Remember, if you ever need a helping hand,
You will find one at the end of each of your arms.
As you grow older, you will discover that you have two hands;
One for helping yourself, and the other for helping others.
-Audrey Hepburn
27 March, 2008
So...you would think that I would be used to packing up boxes by now. This is the fifth move in three years. Uuggghhhhhhh!!!! Only this move is different...I now have two little bear cubs - and all their toys - to prepare for the move. My son is definitely fine with moving. Everytime I tell him that he is moving to a house with a slide and a swing in the backyard, he smiles and says, "Slide!" Sometimes he even claps.
Lately I have been working on my attitude. I set up glasses with water in them and think, "half-full...half-full...not half-empty...half-full..." Ever the cynic, I am having a little trouble with this. I am trying, though...really trying. I'm not going to think about how dirty the house is now...about how much I am going to have to clean it before we move in. I am not going to think about all of the boxes that I have to pack, then unpack. I am not going to think about how weird a big, empty house can feel. I am going to think about how I am not going to have to contend with neighbors who eat food that smells as if it only belongs in the toliet. I am going to think about how my clothes will actually smell like detergent when I pull them out of the dryer instead of stinky rotten meat. I am going to think about how nice it will be to work on my tan when the babies are outside in a little swimming pool.(With me right there with them, of course.) I am going to think about how nice it will be when I can do the grocery shopping again - thanks to the absence of two flights of stairs and a crowded parking lot. And I am going to think about how a library will be close again! Yeah for books! Yeah for Clifford the dog coming to visit the library in May!!!
I dreamed last night that I was nominated for "How Do I Look?" - which I have already decided that I would rather be on "What Not to Wear"...Anyway...I was trying to be upset when people threw away my old clothes and criticized my dress, but I could hardly contain and mask my excitement at the thought of a makeover. It is pretty bad when I thought that the woman with the 6 month old baby on "Ten Years Younger" looked great compared to me.

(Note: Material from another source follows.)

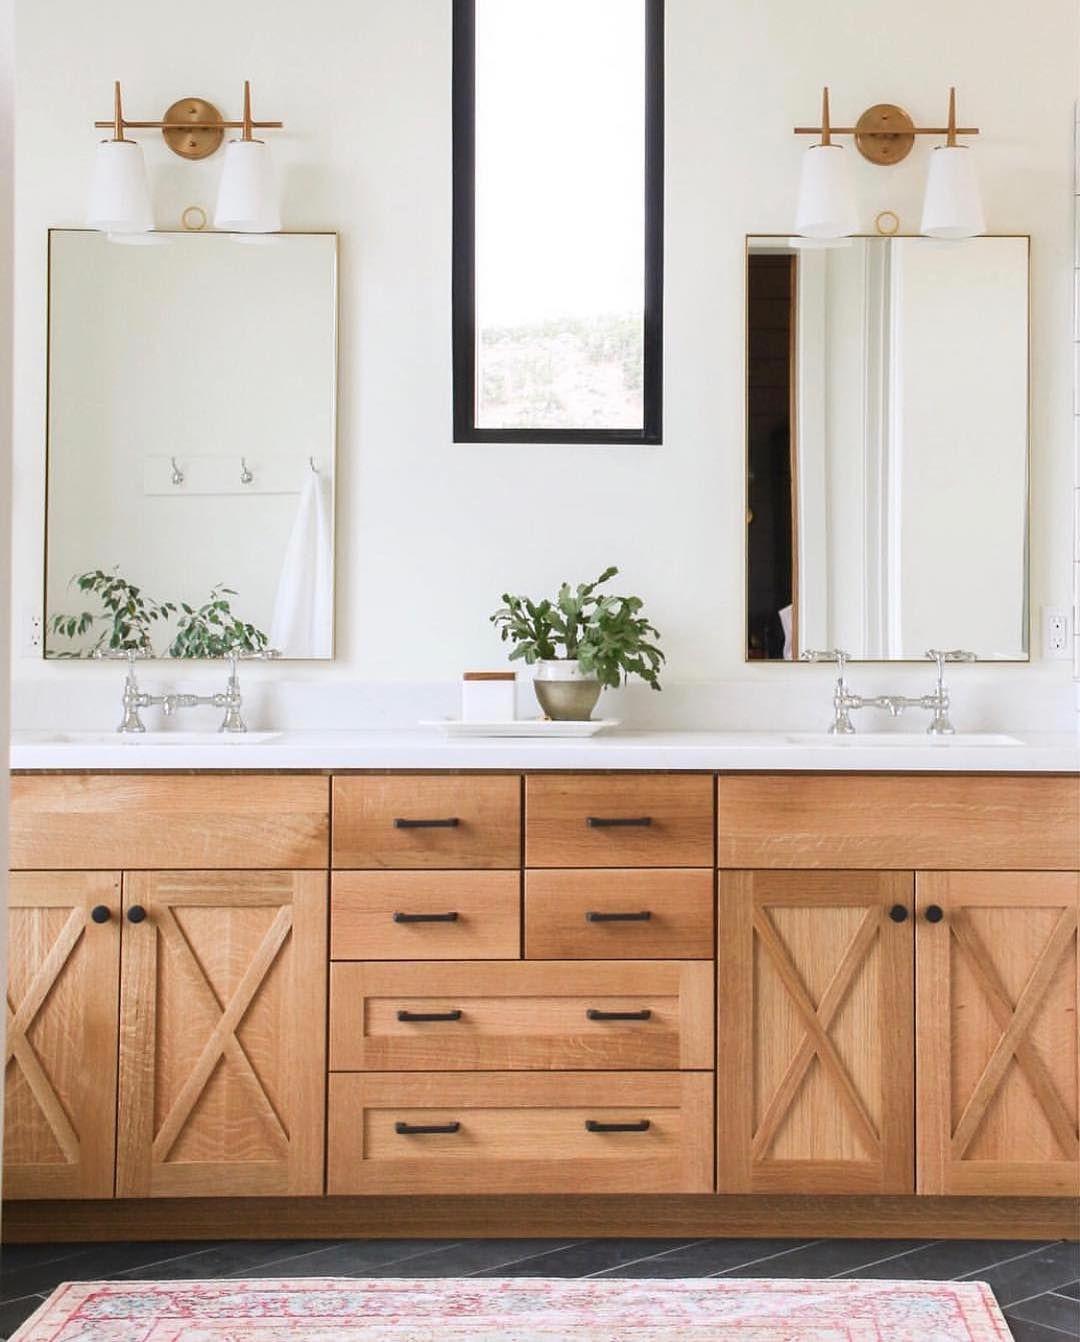 Vivir Design On Instagram Absolutely Loving This New Bathroom Design By Lindsay Hill Interiors New Bathroom Designs Bathroom Remodel Master Master Bathroom

I think that the important thing for me to remember is that I need to enjoy each and every second of my life. It doesn't matter how old and tired I feel. It doesn't matter if I cringe every time that I look in a mirror or step on the scales. It doesn't matter that I haven't a clue as to how to style my hair because I haven't done it in so long. It doesn't matter if I am always behind on my housework or if dinner burns every night because I have to change diapers and chase down babies in the middle of cooking it. These are happy times. I realize that when I look in my babies' faces. When I can finally let go and let myself play with them...things are great. When they are grown and gone, I'll have a wonderfully immaculate, beautifully decorated house...and I'll be the cleanest - can you believe I'll shower everyday, sometimes 3 times a day?!! - best groomed, ultra -toned woman you ever did see. And I know that I will feel as if a piece of me is missing. I don't want to miss this time to be close to my children...to get to know them...to watch them grow up. God has really blessed me by allowing me to be the primary care giver for my children. I am so thankful for the fact that I don't have to drop them off anywhere for another woman to watch them take their first steps or teach them how to use the potty...This is a blessing. This may not be the life for everyone, but it is for me. And I am going to enjoy every second of it.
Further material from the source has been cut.